Townsend Gard's philosophy combines theory and doctrine with immersive practice, both inside and outside of the classroom. For the last decade, she has worked with students to teach skills needed to be successful in both a law practice as well as in the entrepreneurial world for the 21st century.
She strongly believes in mentoring students. To that end, she has worked with more than 90 research assistants, and regularly works with students to think through how to make their own road and journey in the legal world. She also has worked with students' projects in specialized internships at the Library of Congress, Internet Archive, and the Frick Collection, as well as sending students on research trips to Washington D.C., Paris, New York, Oxford, and Berlin.
Entrepreneurial Experiences
Townsend Gard is the co-inventor and director of the Durationator®, a software system that aims to determine the worldwide copyright status of every kind of cultural work. She also co-owns the Tulane spin-out company, Limited Times, which is commercializing the Durationator® software and services. Students have worked on this project for more than a decade, both on the copyright and entrepreneurial sides, and will continue to do so as it enters its next phase of development. As part of this project, she has developed a database of the Catalog of Copyright Entries (scanned PDFs from the Internet Archive) to assist in searching the copyright records, 1909-1978. The Durationator over the years has expanded its scope to include fair use, classroom uses, library uses, pre-1972 sound recordings, and moral rights.
Townsend Gard is also the host of "Just Wanna Quilt," a research podcast focused on quilting, entrepreneurship and copyright. Launched in 2018, the podcast more than 400 interviews of quilters, industry, scholars, lawyers, and now, with the onset of COVID-19, more than 75 interviews focused on mask making. The podcast has over 25,000 subscribers, and have had over a half a million downloads in its first three years. There is a corresponding Facebook group, Just Wanna Quilt, with over 4100 members, along with sub-groups. As part of this project, Townsend Gard has stated a publishing house, with Ricardo Gonzalez, with seven publications in its first year, including Just Wanna Patent, Just Wanna Create: Copyright and Fair Use Strategies, Just Wanna Trademark, and A Little Bit of Copyright, and Just Wanna Quilt Notebook. Just Wanna Quilt now has a spin-out company, Quilting Army Krewe, LLC.
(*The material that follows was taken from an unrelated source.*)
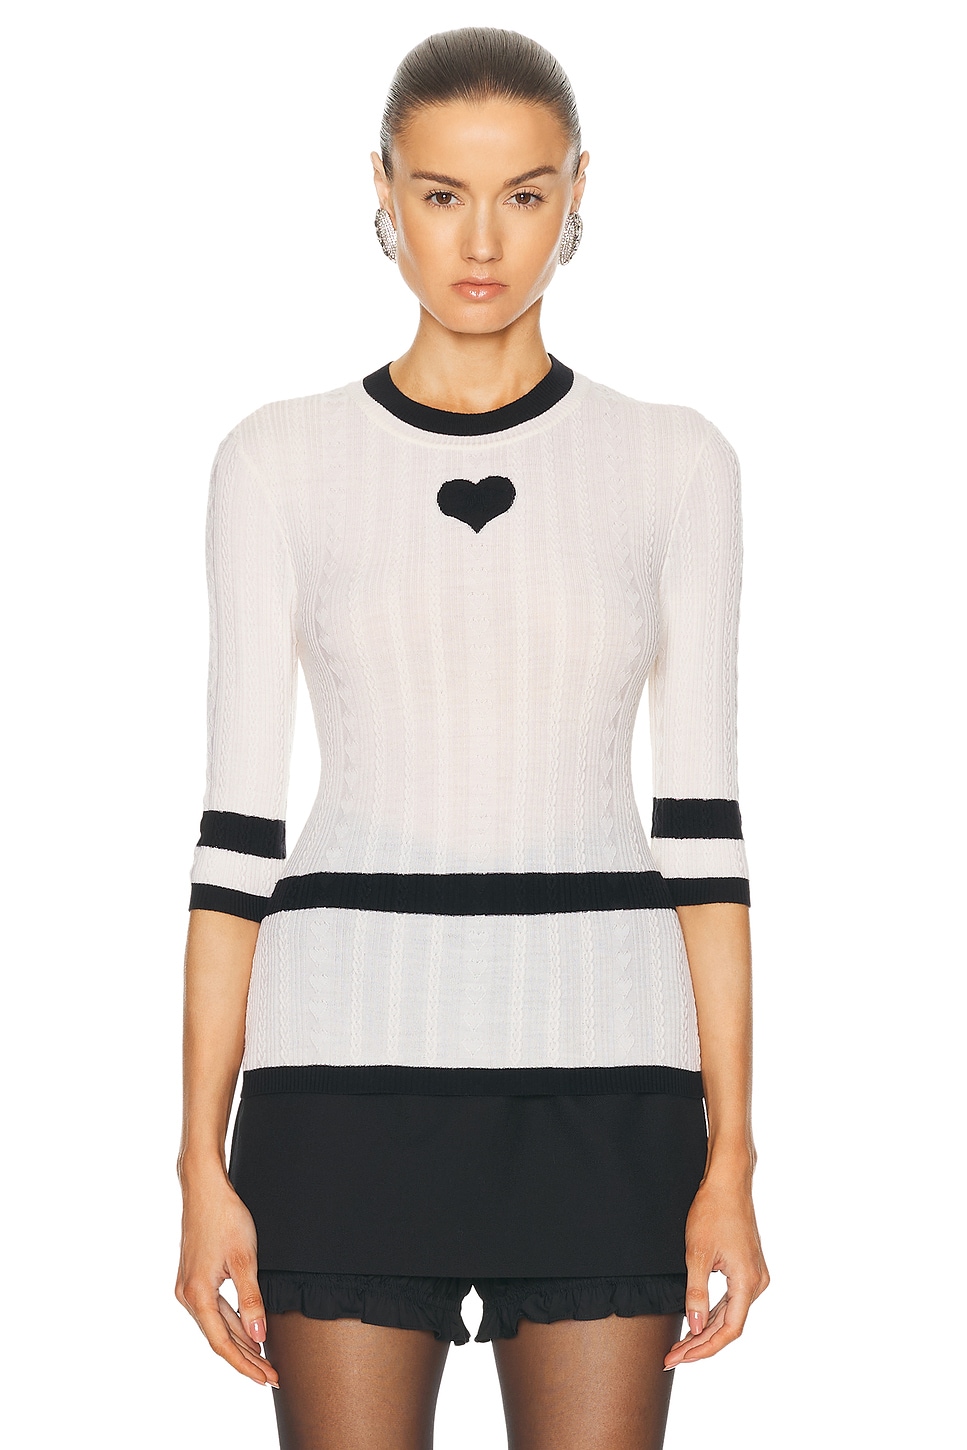 Image 1 of FWRD Renew Chanel Coco Mark Heart Knit Top in White

All of Townsend Gard's courses engage in entrepreneurial activities focused on these projects and more. Other projects in the past include a video game project (that turned into a publication for Routledge), artists and the law project, pre-1972 sound recordings and Hogan Jazz Archive project, Section 512 project, and many more. The goal of the projects is to engage in the act of doing and working with communities that are facing specific legal issues to better understand and train law students.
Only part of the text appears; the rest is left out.